Mexican authorities have found the four US citizens who went missing on Friday in Matamoros, Tamaulipas. Two are dead, another one is badly injured and a fourth is reported to be in good condition. The governor of Tamaulipas, Américo Villarreal, broke the news via phone call at the morning press conference of President Andrés Manuel López Obrador. The Secretary of Security and Citizen Protection, Rosa Icela Rodríguez, reported that one person has been arrested in connection with the kidnappings.
Almost two hours into the president’s morning press conference, a journalist asked him about the case of the missing Americans, which was threatening to unleash a major diplomatic conflict with the United States. On Monday the White House had alluded to the matter and described it as unacceptable. Moreover, on Sunday, the FBI had offered a reward for clues that could lead to the whereabouts of the four US citizens.
When asked about the status of the search, the Mexican president consulted with Rodríguez, who had just received a call from Governor Villarreal, informing her of the discovery. Rodríguez passed the phone over to López Obrador, who put it on speakerphone: “About an hour ago we were notified that there were indications that [four US citizens] had been spotted. And 35 minutes ago it was confirmed by the Prosecutor’s Office,” Villarreal said.
According to the Attorney General of Tamaulipas, the two survivors have been handed over to the FBI at the international bridge that connects Matamoros with Brownsville, Texas. A source close to the agency confirmed that the two survivors are a woman, Latavia McGee, and a man, Eric James Willliams. Once they were back on US soil, the survivors were transported to a hospital in Texas, according to the Associated Press. The families of the two deceased Americans will have to wait for the repatriation of their bodies.

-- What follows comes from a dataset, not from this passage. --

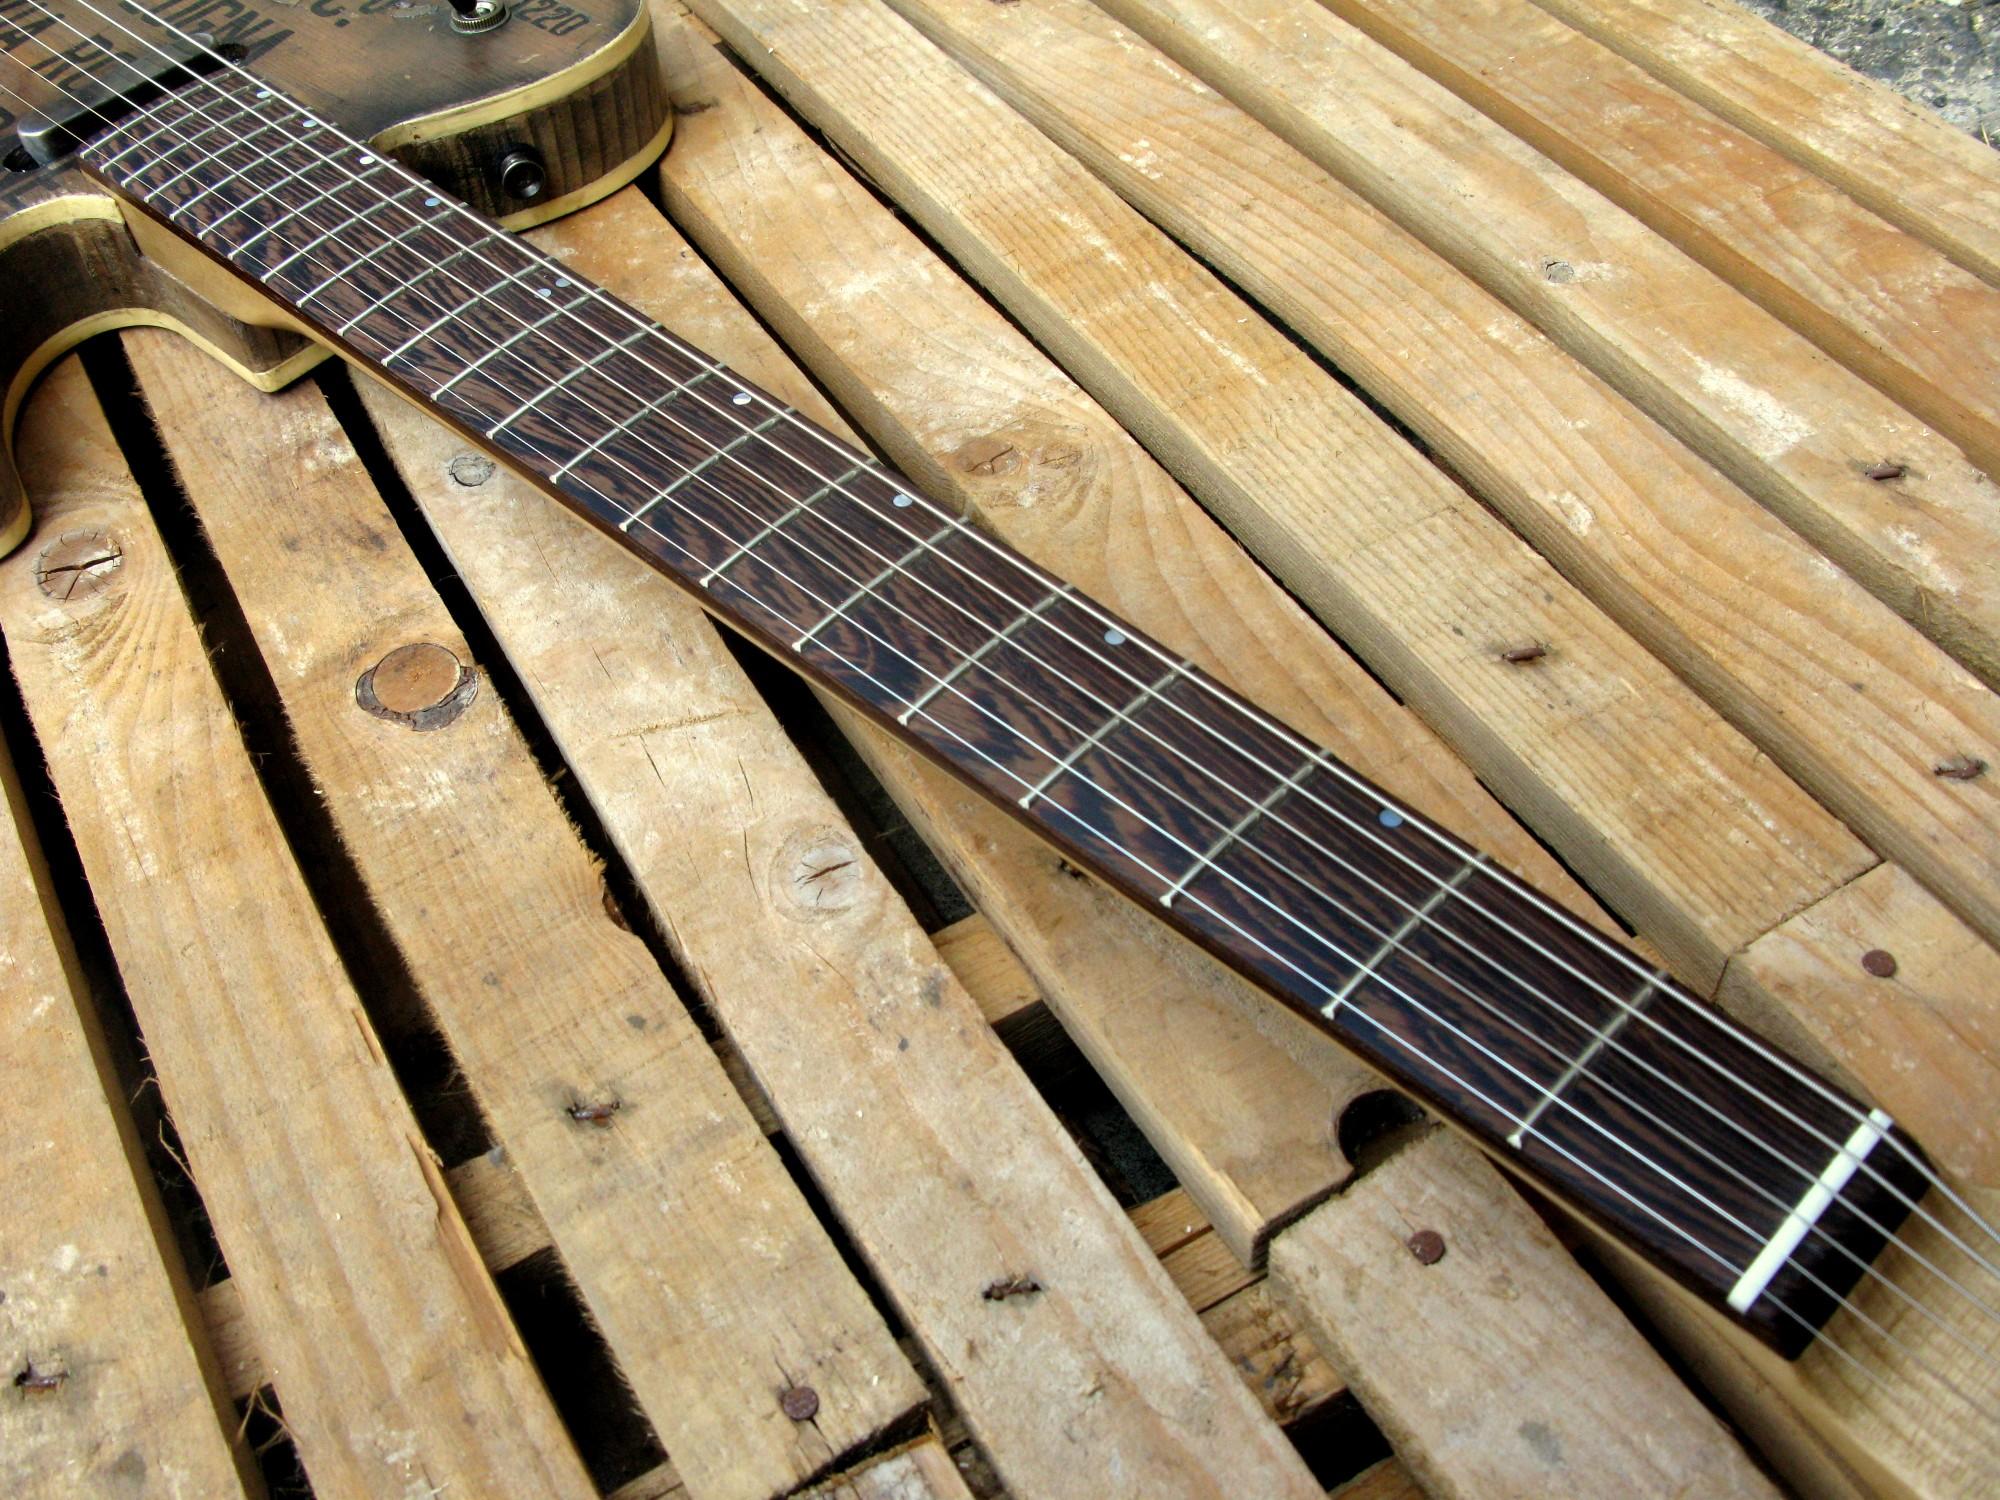 Tastiera in wenge di una chitarra elettrica baritono modello Telecaster con top ricavato da una vecchia cassetta di polvere da sparo

The four Americans - three men and one woman - had traveled to Mexico from South Carolina, according to media reports. As reported by CNN, the woman, Latavia McGee, 33, had a doctor’s appointment in Matamoros on Friday to undergo cosmetic surgery on her abdomen. In Mexico, such operations are cheaper than north of the border. The other three, Shaeed Woodard, Zindell Brown and Eric James Williams, were friends accompanying her.
John Kirby, spokesman for the White House National Security Advisor, said in a call with journalists Tuesday morning that any attack on US citizens is “unacceptable.” He expressed his “deepest condolences” to the families and said that now the efforts of the US authorities, who are in “permanent contact with the Mexican authorities”, are focused on the “safe repatriation” of the two bodies, and on the “health of the [two] survivors”. Kirby did not give further details about the deceased, because Washington’s desire, he added, is to “respect the safety and privacy” of the families. He also promised that the Justice Department would expand on the information later in the day.
The State Department has updated its warning to travelers to Tamaulipas, classifying it as a Level 4 location – the highest travel advisory designation – and urges fellow citizens to avoid the region. “Heavily armed members of criminal groups often patrol areas of the state and operate with impunity particularly along the border region from Reynosa to Nuevo Laredo. In these areas, local law enforcement has limited capacity to respond to incidents of crime,” the US government website warns.
Since Friday, videos of the kidnapping began circulating on social media. After shooting at the van in which the four friends were traveling, the attackers grabbed the bodies, some unconscious, and threw them in the bed of a pickup truck. The images shared online showed the woman, who was conscious, being pushed into the criminals’ vehicle. Two days later, on Sunday, the FBI confirmed that they were US citizens.
So far, in addition to two of the four Americans, a Mexican woman also died as a result of the shootings on Friday. Media outlets, citing former US law enforcement officials, reported this week that the criminals behind the attack and kidnapping are allegedly part of the Escorpión group, a faction of the Gulf Cartel. Mexican authorities have not provided any information on this matter. The city where the incident took place, Matamoros, is known as the cradle of the Gulf Cartel.